Only one stretch of the material below is wanted: everything from the line containing "sea horses in the sea. by yanadjana" down to the line containing "White light-colored plush carpet", both ends included. Repeat it exactly and skip the pictures.

* Dataset entries
:::

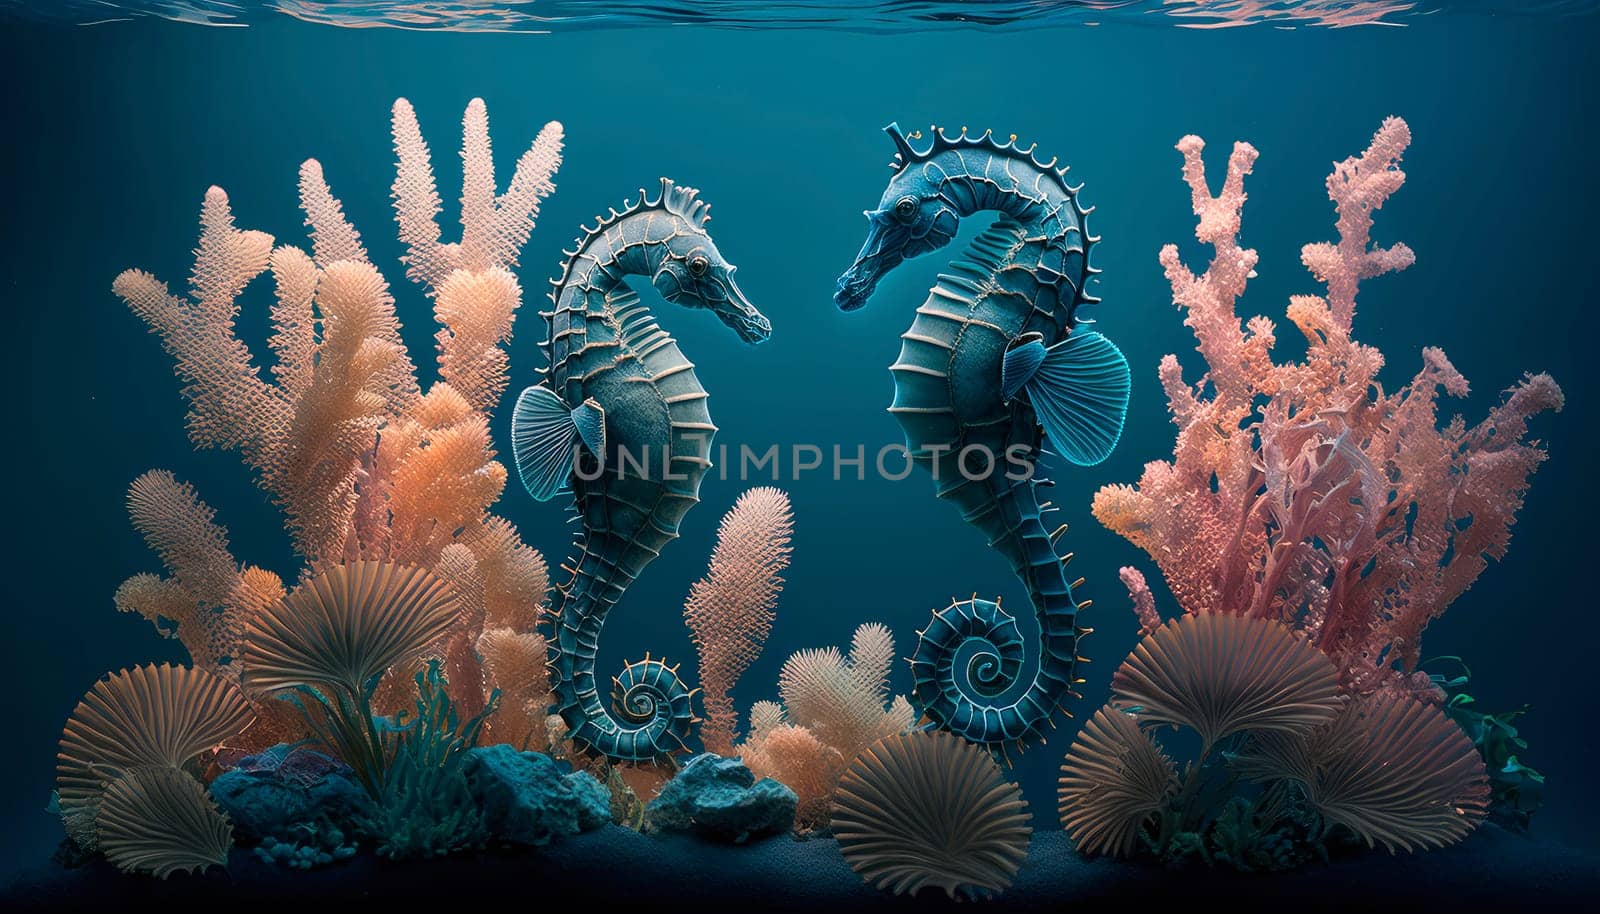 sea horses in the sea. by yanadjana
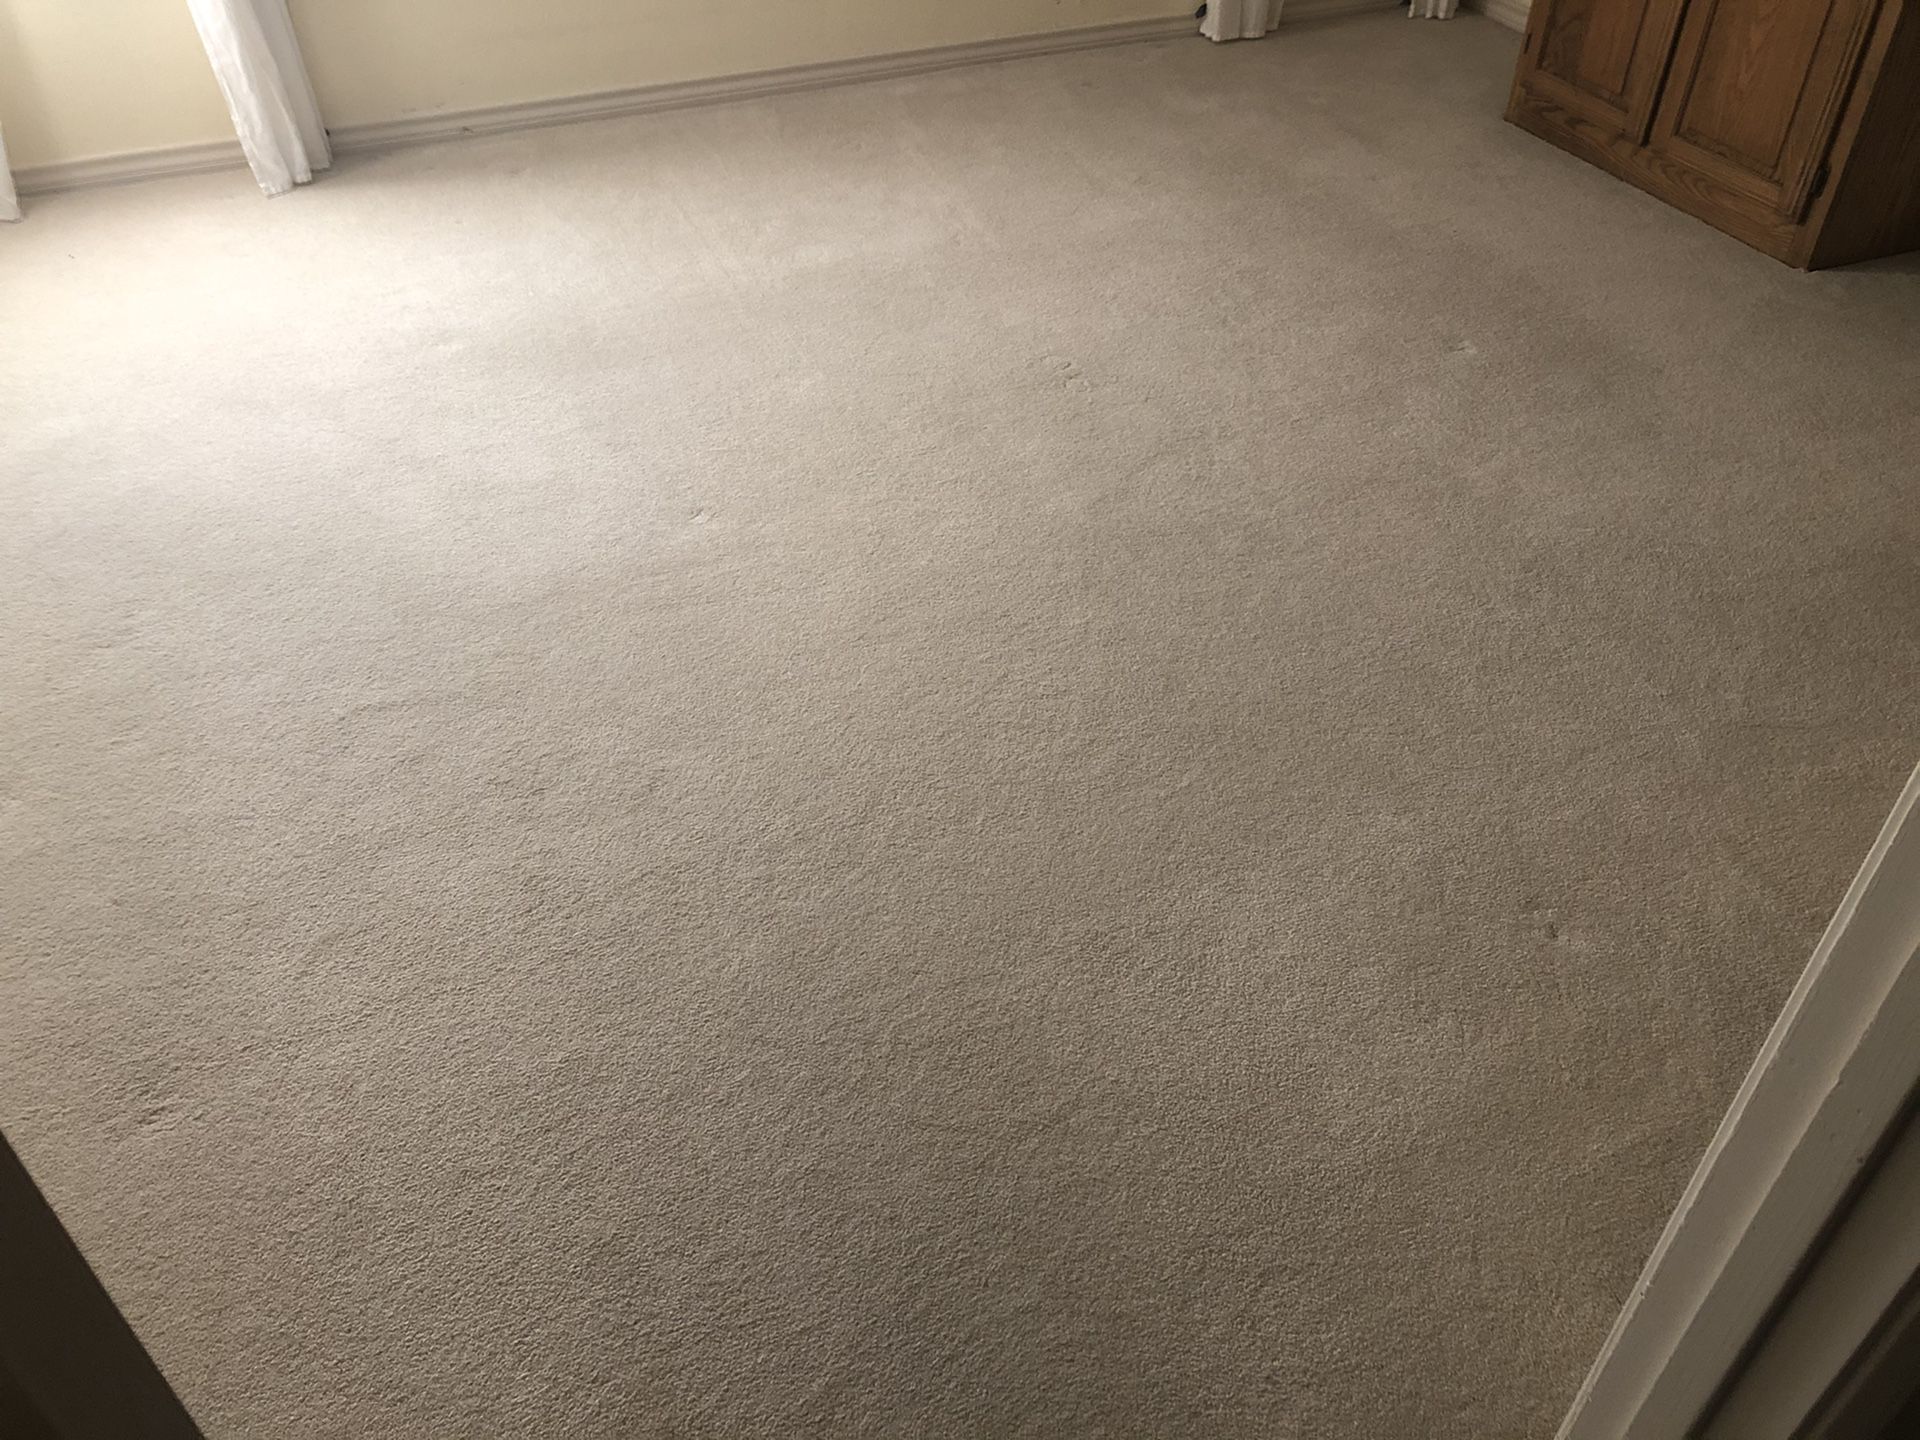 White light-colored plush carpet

:::

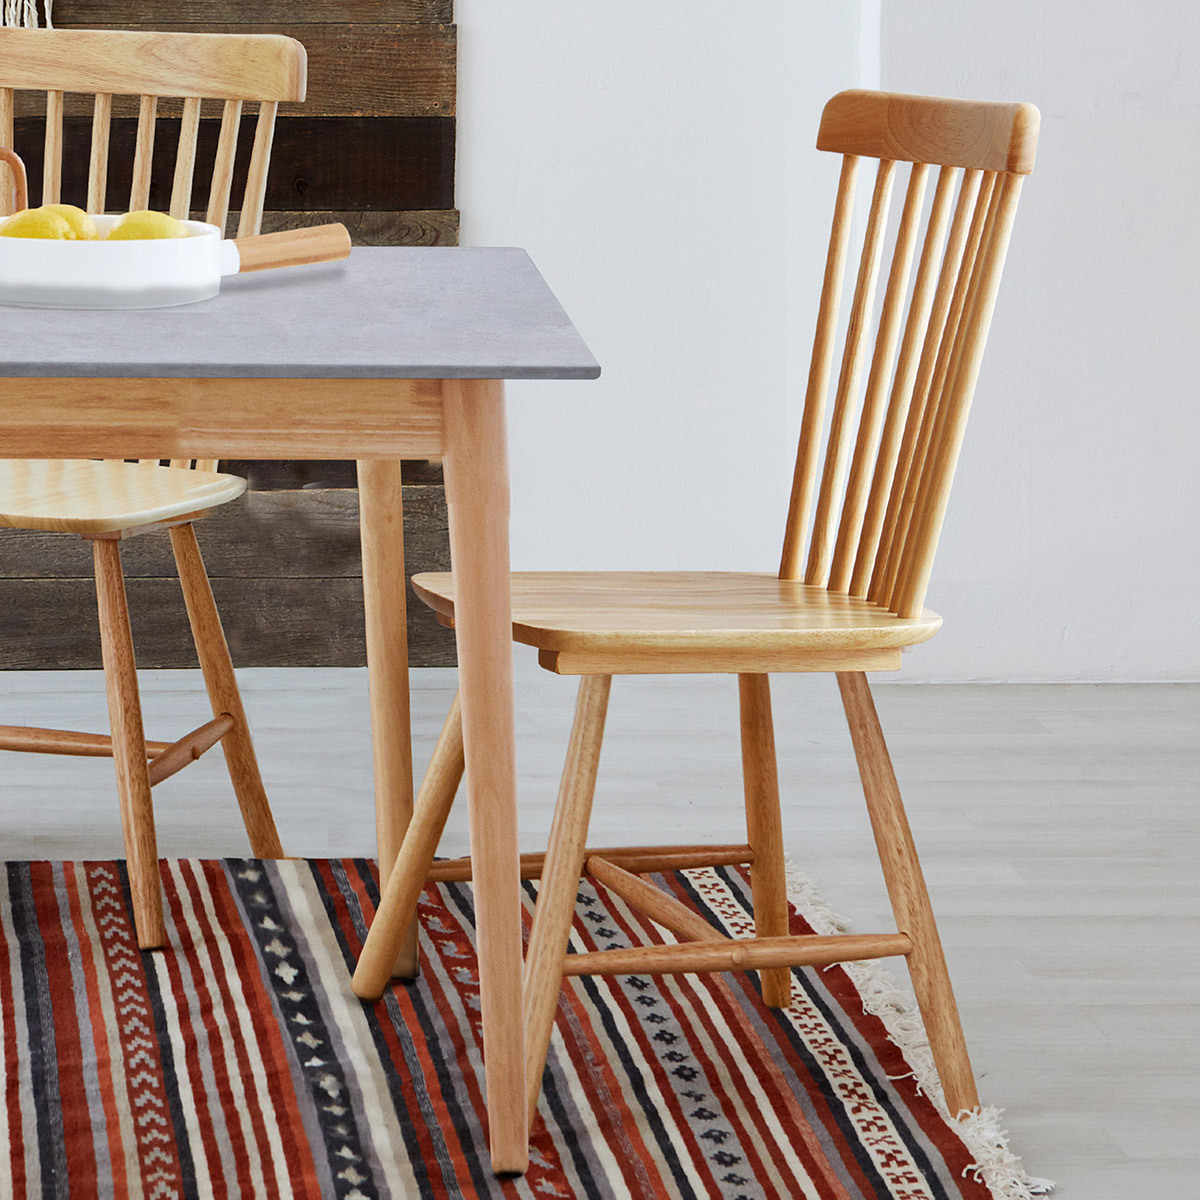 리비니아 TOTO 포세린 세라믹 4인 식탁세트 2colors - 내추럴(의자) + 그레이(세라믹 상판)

:::

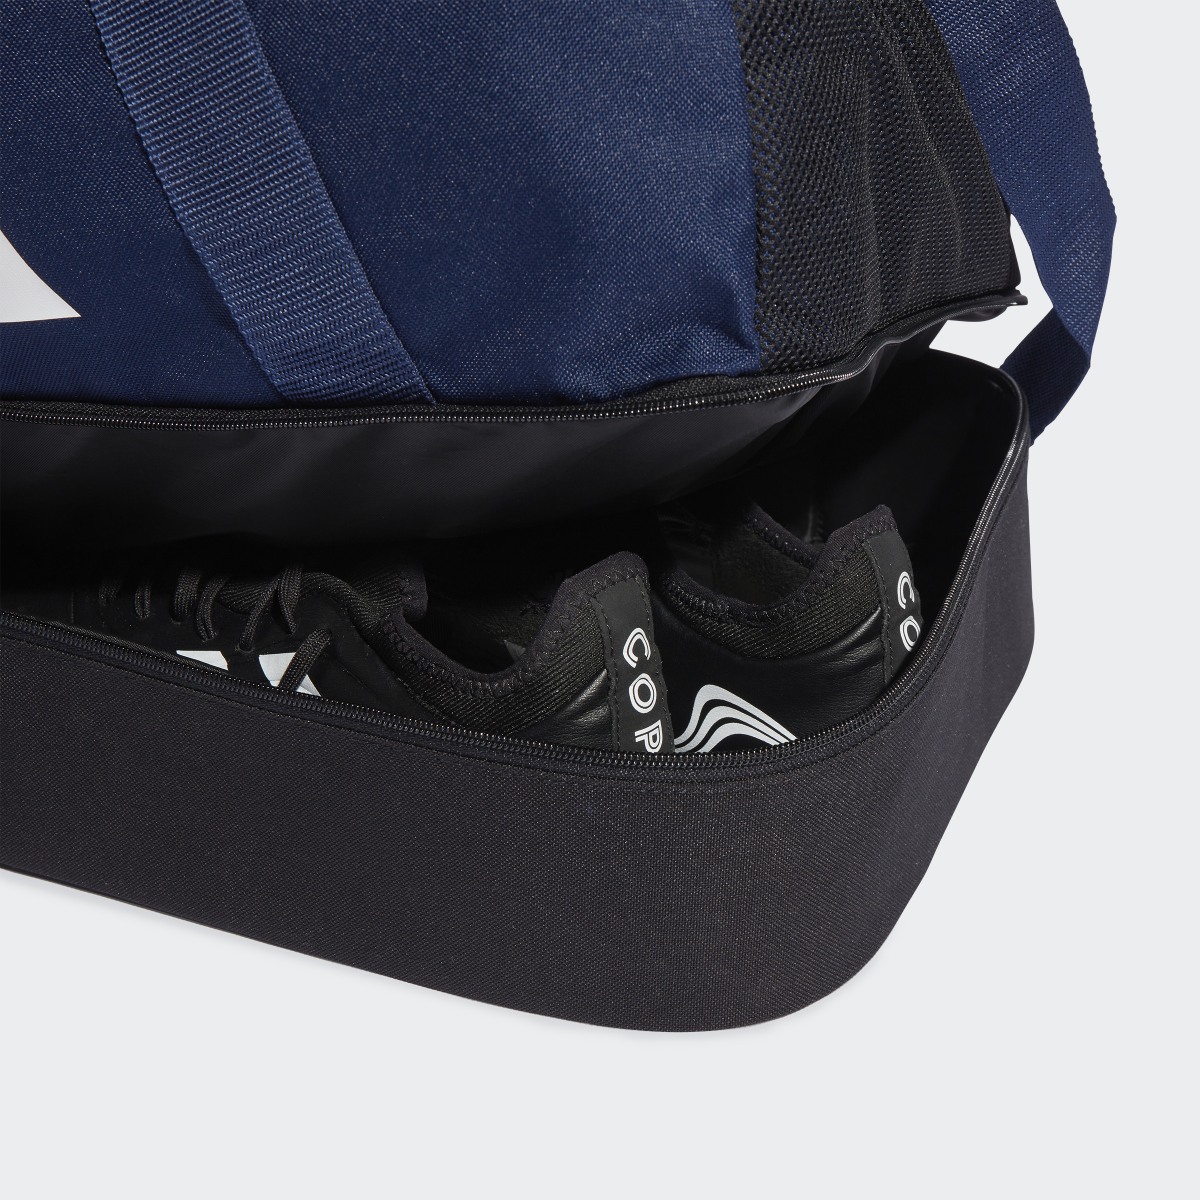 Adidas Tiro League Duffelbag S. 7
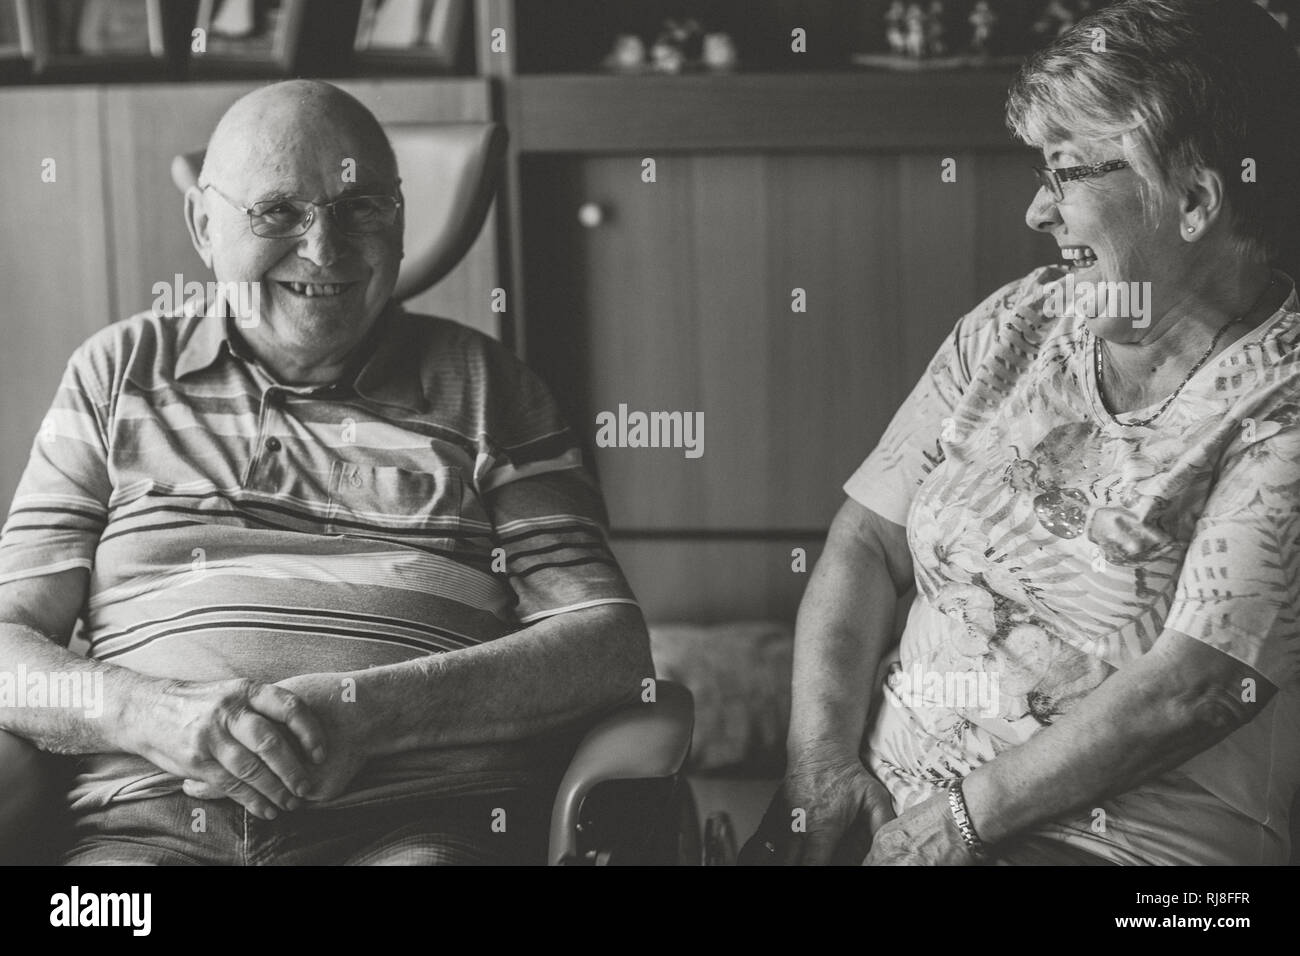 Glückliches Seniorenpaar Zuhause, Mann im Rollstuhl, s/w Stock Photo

:::

* Task result
 sea horses in the sea. by yanadjana
 White light-colored plush carpet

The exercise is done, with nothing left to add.